The JSON encoding for bytes is an object with the single key $bytes and string value with the base64-encoded bytes. The base64 scheme is the one specified in RFC-4648, section 4, frequently referred to as simple "base64". This scheme is not URL-safe, and = padding is optional.

For example, a node with a single field "exampleBytes" with type bytes would be represented in JSON like:

{
  "exampleBytes": {
    "$bytes": "nFERjvLLiw9qm45JrqH9QTzyC2Lu1Xb4ne6+sBrCzI0"
  }
}

For comparison, the DAG-JSON encoding has two nested objects, with outer key / (single-character, forward slash), inner key bytes, and the same base64 encoding.

The IPFS CID specification is very flexible. It supports a wide variety of hash types, a field indicating the "type" of content being linked to, and various string encoding options. These features are valuable to allow evolution over time, but to maximize interoperability among implementations, only a specific "blessed" set of CID types are allowed.

The blessed formats for CIDs in atproto are:

  • CIDv1
  • multibase: binary serialization within DAG-CBOR link fields, and base32 for string encoding
  • multicodec: dag-cbor (0x71) for links to data objects, and raw (0x55) for links to blobs
  • multihash: sha-256 with 256 bits (0x12) is preferred

The use of SHA-256 is a stable requirement in some contexts, such as the repository MST nodes. In other contexts, like referencing media blobs, there will likely be a set of "blessed" hash types which evolve over time. A balance needs to be struck between protocol flexibility on the one hand (to adopt improved hashes and remove weak ones), and ensuring broad and consistent interoperability throughout an ecosystem of protocol implementations.

There are several ways to include a CID hash reference in an atproto object:

  • link field type (Lexicon type cid-link). In DAG-CBOR encodes as a binary CID (multibase type 0x00) in a bytestring with CBOR tag 42. In JSON, encodes as $link object (see above)
  • string field type, with Lexicon string format cid. In DAG-CBOR and JSON, encodes as a simple string
  • string field type, with Lexicon string format uri, with URI scheme ipld://

Usage and Implementation Guidelines

When working with the deprecated/legacy "blob" format, it is recommend to store in the same internal representation as regular "blob" references, but to set the size to zero or a negative value. This field should be checked when re-serializing to ensure proper round-trip behavior and avoid ever encoding a zero or negative size value in the normal object format.

Best practices for validating and limiting the size and structure of generic atproto data are described in a Data Validation guide, which is not formally part of this specification.

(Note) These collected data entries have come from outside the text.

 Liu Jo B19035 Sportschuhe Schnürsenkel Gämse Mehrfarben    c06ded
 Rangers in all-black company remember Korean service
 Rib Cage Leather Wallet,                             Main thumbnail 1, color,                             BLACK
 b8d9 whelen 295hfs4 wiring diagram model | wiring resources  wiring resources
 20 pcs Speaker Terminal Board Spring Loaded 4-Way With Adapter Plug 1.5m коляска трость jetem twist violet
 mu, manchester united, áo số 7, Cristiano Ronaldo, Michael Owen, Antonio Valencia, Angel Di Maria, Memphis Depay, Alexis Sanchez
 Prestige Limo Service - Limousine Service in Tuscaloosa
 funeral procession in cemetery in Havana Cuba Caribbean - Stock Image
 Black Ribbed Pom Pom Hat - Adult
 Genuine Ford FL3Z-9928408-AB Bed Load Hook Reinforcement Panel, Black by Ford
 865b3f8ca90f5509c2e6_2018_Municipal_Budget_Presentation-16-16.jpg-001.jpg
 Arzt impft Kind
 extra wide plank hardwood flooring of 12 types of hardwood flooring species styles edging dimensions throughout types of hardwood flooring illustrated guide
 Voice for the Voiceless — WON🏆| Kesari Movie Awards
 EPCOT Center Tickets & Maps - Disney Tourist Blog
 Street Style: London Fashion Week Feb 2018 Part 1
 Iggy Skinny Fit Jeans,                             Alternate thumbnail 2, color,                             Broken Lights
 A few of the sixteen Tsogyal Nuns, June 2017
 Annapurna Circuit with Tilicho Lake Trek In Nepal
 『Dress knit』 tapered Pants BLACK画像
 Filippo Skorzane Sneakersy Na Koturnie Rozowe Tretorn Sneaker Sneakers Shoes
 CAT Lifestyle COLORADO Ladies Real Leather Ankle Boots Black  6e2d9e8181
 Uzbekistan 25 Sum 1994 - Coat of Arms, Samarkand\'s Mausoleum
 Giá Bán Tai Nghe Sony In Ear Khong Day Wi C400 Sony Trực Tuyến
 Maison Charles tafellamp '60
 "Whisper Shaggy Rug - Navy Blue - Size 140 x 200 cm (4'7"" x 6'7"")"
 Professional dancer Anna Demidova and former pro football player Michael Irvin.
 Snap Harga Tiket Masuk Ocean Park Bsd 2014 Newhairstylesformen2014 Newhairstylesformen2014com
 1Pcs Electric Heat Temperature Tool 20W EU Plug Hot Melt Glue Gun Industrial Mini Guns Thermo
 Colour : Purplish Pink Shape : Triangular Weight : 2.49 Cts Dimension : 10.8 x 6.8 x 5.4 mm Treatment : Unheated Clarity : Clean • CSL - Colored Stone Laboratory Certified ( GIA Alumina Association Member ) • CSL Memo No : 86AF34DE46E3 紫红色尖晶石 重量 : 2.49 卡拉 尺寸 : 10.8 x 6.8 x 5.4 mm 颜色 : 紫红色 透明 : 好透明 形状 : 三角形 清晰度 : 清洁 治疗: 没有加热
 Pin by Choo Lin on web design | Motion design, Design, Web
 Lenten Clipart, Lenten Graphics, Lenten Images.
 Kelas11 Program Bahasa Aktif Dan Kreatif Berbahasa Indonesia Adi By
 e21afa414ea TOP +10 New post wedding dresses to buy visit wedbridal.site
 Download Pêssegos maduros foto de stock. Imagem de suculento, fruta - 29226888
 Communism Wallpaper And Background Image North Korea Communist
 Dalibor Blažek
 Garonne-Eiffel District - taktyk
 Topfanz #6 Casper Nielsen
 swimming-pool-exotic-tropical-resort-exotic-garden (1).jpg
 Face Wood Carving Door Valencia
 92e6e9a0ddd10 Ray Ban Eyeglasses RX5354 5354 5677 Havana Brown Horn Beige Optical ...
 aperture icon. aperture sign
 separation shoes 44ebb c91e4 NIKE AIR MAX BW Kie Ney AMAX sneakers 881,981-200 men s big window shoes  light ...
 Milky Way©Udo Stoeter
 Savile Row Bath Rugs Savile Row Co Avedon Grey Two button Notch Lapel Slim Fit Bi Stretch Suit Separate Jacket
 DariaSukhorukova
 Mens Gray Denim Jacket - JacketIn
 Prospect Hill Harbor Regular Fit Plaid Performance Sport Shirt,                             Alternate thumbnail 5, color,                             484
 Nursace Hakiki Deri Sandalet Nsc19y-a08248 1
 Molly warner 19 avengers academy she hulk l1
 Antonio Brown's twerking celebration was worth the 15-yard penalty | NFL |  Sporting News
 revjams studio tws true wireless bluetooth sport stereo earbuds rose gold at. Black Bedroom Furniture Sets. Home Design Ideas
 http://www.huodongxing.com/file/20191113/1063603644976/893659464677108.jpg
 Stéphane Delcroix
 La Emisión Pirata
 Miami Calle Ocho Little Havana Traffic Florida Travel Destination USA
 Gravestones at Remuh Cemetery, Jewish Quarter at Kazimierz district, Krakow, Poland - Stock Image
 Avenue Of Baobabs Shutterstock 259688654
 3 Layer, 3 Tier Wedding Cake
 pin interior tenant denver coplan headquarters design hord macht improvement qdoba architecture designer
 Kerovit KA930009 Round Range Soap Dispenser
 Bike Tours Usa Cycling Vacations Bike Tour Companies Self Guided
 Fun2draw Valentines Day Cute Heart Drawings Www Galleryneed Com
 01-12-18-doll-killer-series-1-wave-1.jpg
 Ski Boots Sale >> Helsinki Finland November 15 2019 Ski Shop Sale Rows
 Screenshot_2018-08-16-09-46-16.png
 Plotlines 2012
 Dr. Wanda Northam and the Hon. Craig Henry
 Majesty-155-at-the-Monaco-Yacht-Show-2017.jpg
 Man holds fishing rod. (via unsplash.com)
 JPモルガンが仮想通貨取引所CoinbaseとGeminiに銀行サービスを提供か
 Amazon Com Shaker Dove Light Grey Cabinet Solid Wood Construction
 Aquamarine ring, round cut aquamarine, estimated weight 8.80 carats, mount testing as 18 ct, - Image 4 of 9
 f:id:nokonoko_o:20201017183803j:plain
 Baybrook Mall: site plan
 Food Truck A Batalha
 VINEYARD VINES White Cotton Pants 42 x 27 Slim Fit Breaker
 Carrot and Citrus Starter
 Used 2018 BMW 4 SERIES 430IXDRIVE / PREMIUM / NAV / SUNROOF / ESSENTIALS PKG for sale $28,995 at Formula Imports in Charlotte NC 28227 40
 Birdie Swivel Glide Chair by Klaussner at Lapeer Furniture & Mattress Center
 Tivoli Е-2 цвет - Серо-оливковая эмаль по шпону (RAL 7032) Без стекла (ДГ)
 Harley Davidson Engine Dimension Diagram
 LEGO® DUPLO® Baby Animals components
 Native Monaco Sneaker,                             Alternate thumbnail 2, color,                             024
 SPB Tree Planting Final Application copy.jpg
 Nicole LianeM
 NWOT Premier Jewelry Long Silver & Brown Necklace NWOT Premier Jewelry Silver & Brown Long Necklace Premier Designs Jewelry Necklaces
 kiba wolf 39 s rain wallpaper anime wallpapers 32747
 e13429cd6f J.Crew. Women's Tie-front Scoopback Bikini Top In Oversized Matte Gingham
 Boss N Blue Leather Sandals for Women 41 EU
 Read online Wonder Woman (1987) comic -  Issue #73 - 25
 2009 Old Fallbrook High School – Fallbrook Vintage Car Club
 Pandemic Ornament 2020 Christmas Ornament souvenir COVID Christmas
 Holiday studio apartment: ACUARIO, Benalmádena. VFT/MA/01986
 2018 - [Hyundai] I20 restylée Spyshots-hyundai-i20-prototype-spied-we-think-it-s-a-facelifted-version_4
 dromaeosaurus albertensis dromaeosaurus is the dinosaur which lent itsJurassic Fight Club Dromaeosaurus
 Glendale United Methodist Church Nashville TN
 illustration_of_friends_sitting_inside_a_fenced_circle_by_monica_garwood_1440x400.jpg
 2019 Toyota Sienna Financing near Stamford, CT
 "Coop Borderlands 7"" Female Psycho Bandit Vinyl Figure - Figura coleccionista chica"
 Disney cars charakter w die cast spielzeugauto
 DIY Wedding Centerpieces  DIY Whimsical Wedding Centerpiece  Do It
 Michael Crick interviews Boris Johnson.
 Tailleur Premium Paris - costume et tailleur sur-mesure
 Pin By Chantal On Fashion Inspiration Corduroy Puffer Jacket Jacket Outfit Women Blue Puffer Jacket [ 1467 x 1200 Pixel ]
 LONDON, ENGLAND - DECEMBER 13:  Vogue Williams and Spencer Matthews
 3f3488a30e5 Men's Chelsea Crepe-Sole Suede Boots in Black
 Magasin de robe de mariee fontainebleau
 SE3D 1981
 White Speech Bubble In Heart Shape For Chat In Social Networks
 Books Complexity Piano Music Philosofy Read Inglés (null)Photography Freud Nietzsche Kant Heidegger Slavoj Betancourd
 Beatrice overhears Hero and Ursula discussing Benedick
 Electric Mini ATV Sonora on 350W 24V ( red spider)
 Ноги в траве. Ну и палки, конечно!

Security and Privacy Considerations

There are a number of resource-consumption attacks possible when parsing untrusted CBOR content. It is recommended to use a library that automatically protects against huge allocations, deep nesting, invalid references, etc. This is particularly important for libraries implemented in languages without strong memory safety, such as C and C++. Note that high-level languages frequently wrap parsers written in lower-level languages.

Possible Future Changes

Floats may be supported in one form or another.

The legacy "blob" format may be entirely removed, if all known records and repositories can be rewritten.

Additional hash types are likely to be included in the set of "blessed" CID configurations.